Palazzo Adriano (IPA: /[pa'latʦo adriˈano]/, Pallaci, U Palazzu) is a town and comune of Arbëresh origin in the Metropolitan City of Palermo, Sicily, southern Italy.

Located in the heart of Sicania on the northern slopes of Monte delle Rose, almost equidistant from Palermo and Agrigento, it is a town of Arbëreshë origin. Although the inhabitants have abandoned the use of the Arbëresh language, the town's inhabitants preserve the Byzantine rite in their liturgy.

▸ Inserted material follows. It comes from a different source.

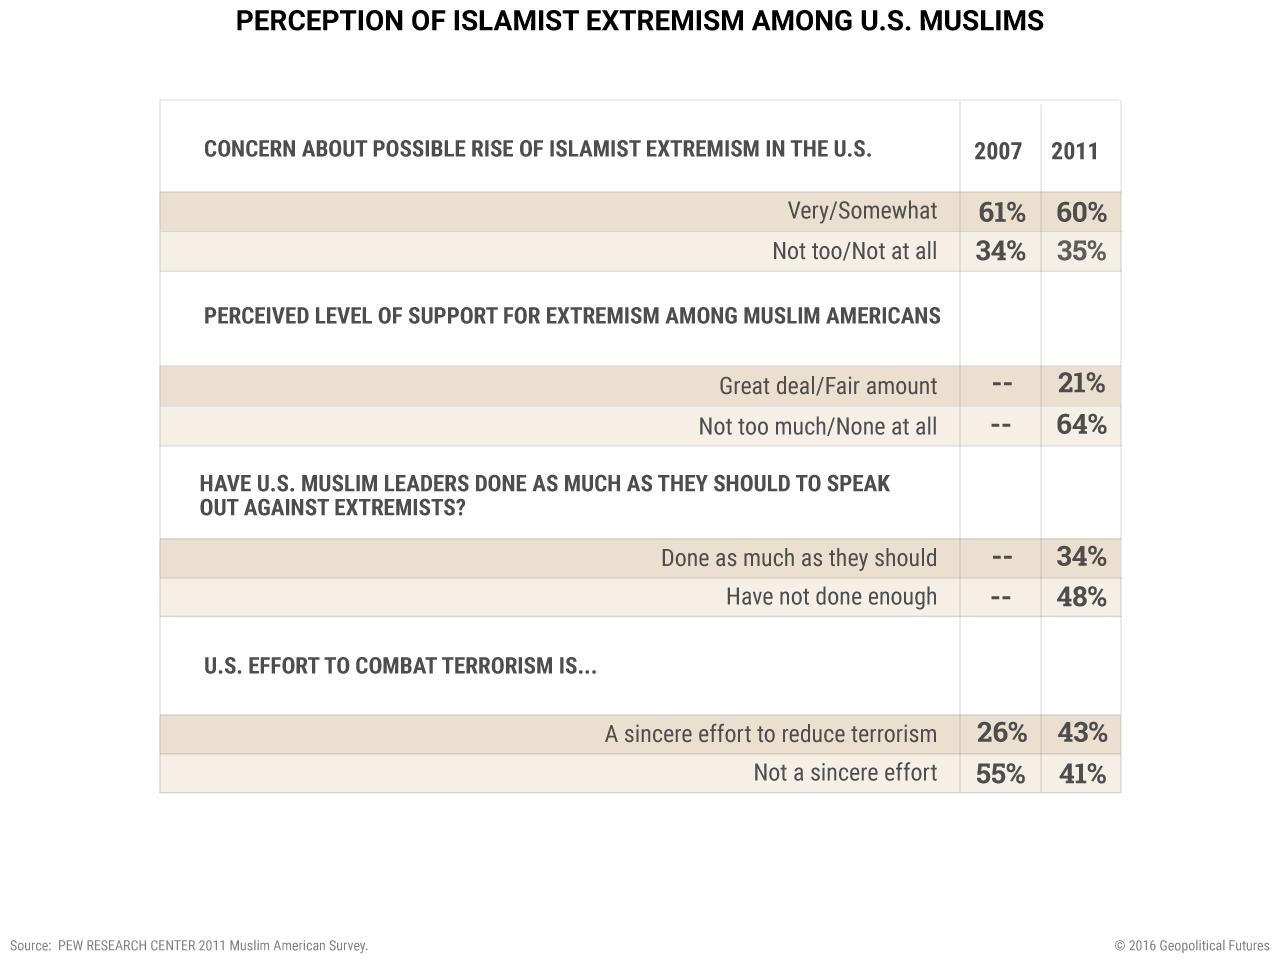 Perception-of-Islamist-Extremism-Among-U.S.-Muslims
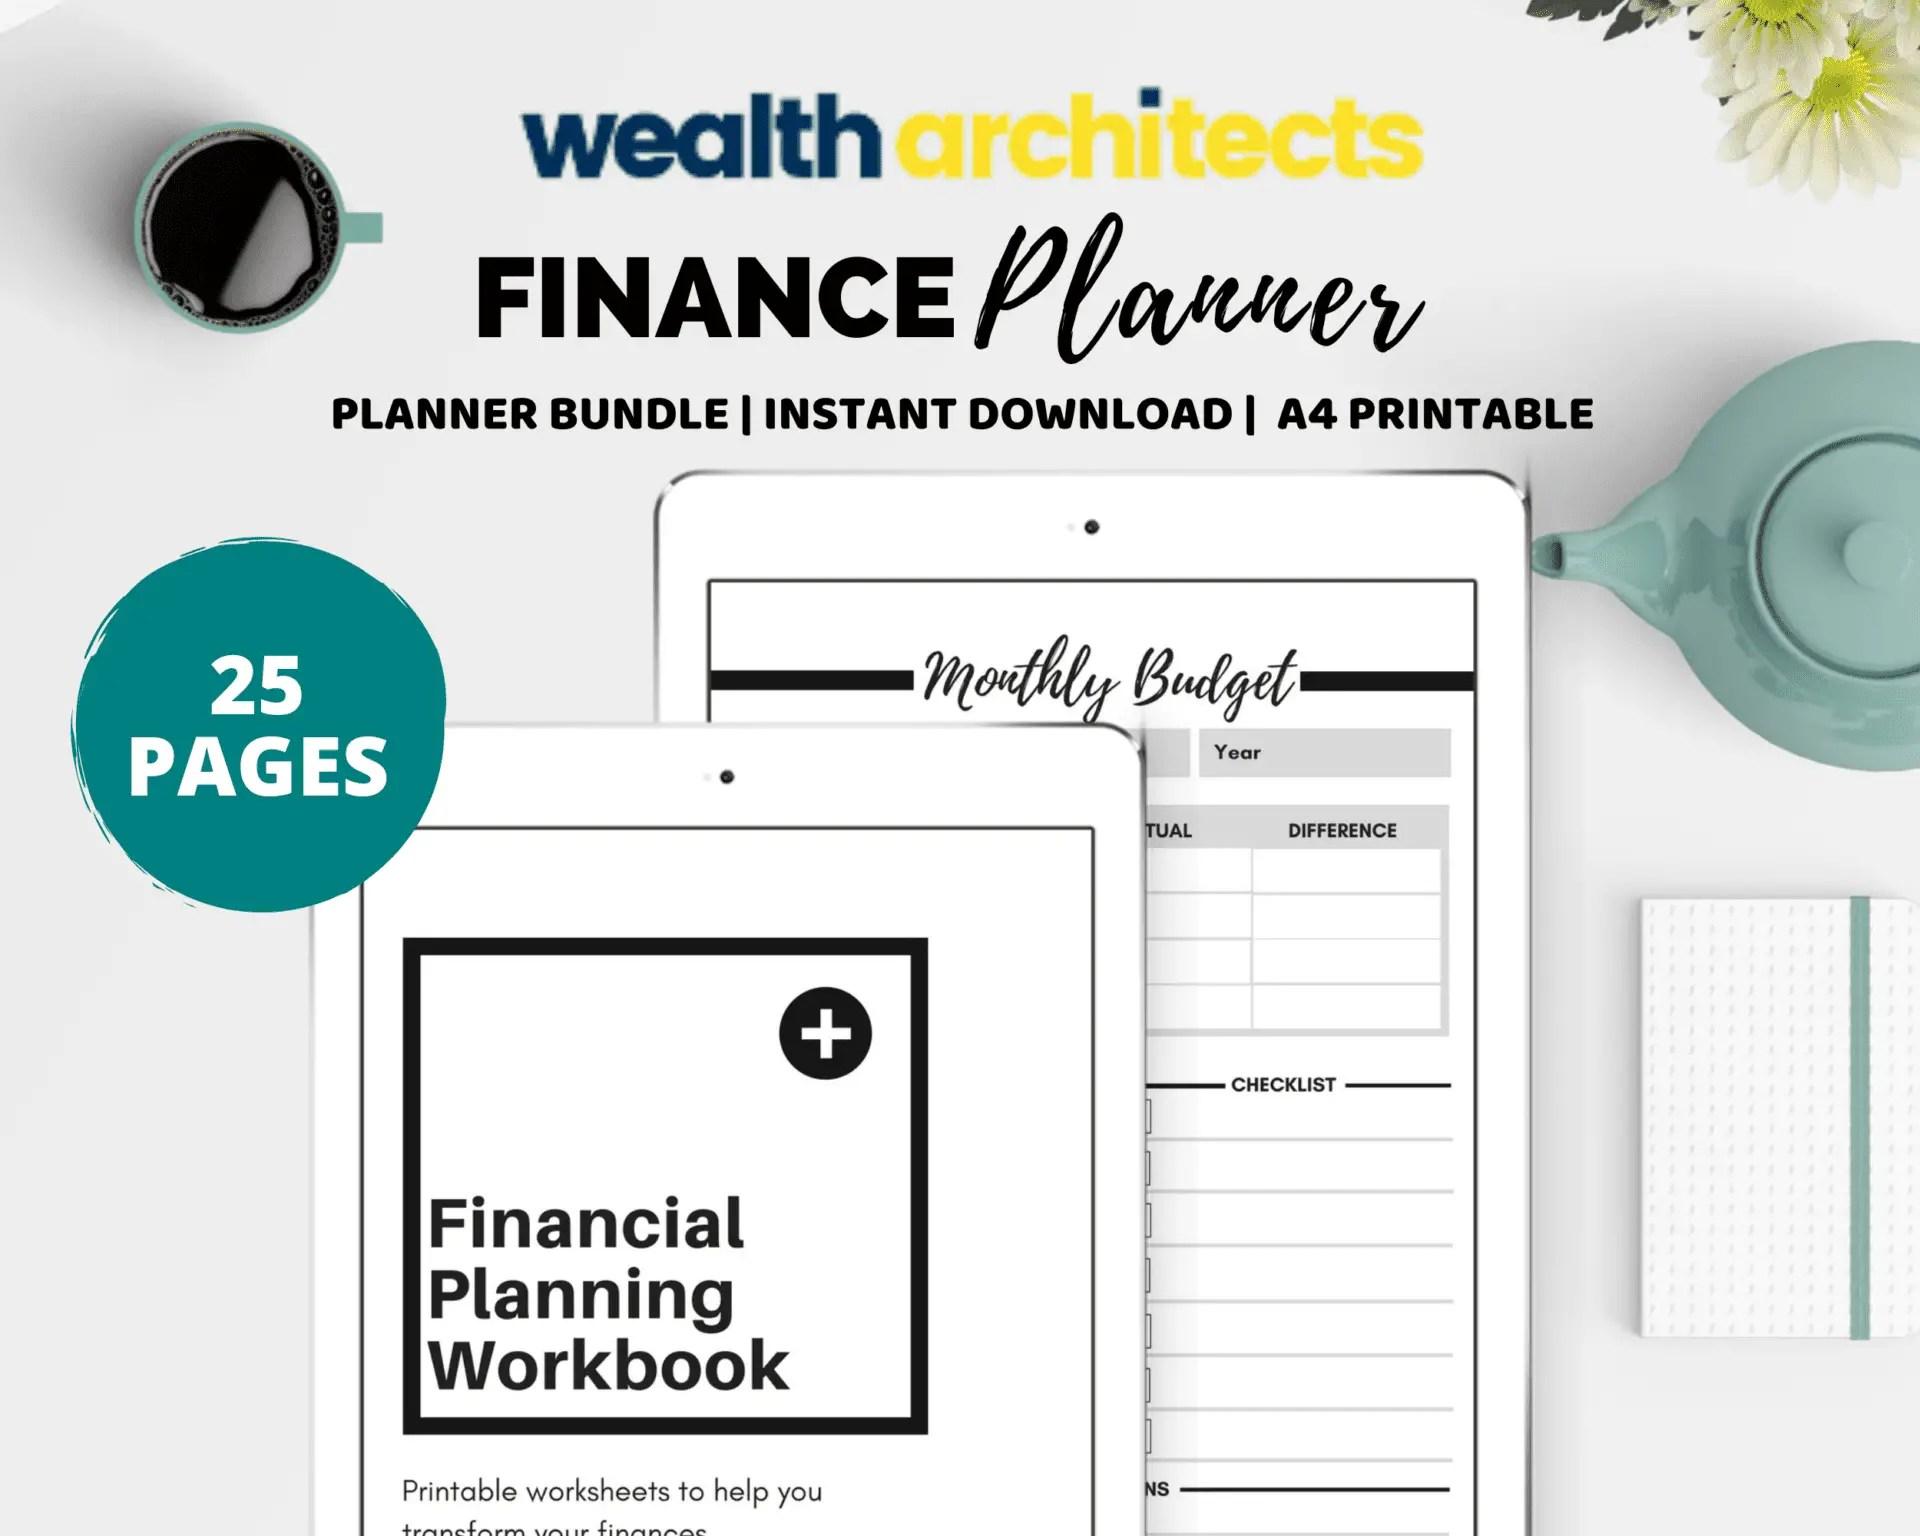 Finance Planner Printable Workbook - Planner Bundle - Wealth Architects

Palazzo Adriano is best known internationally for being among the filming locations of the Oscar-winning film Cinema Paradiso. The local economy is primarily dedicated to agriculture.

==History==

The first mention of a casale Adrianum (farmstead of Adriano) dates from before 1060 under the reign of the Norman Roger I of Sicily. More reliable is information about the hamlet of Palazzo Adriano reported in a 1243 document. From 1282, the fiefs land holdings that now constitute the area of Palazzo Adriano saw more than thirty baronies granted leases by the abbots of the monastery of Santa Maria di Fossanova. In the late 15th century, the Dara family was one of the first Albanian families to migrate from Albania to Italy after Skanderbeg's death. They migrated from the region of Rrjoll, northern Albania, Malësia to Palazzo Adriano. Other Albanian families also came here and they are the today Arbëreshë families of the region. In 1787, the Royal Court of Ferdinand IV of Naples captured all these land holdings, which fell under the control of Palermo.

==Ethnic groups==

Starting in the 15th century, a group of Albanians, the Arbëreshë, settled in the sparsely populated areas around Palazzo Adriano. The fall of the last Albanian resistance under Skanderbeg after the Ottoman invasion prompted many Albanians to flee Albania. The Arbëreshë settled in small farmhouses built by shepherds and peasants. Throughout the ensuing centuries, the Arbëreshë kept their culture intact and continued to speak Albanian. In the 19th century, the flow of immigrants from Albania dried up, such that the Albanians in Palazzo Adriano became cut off from those in their homeland.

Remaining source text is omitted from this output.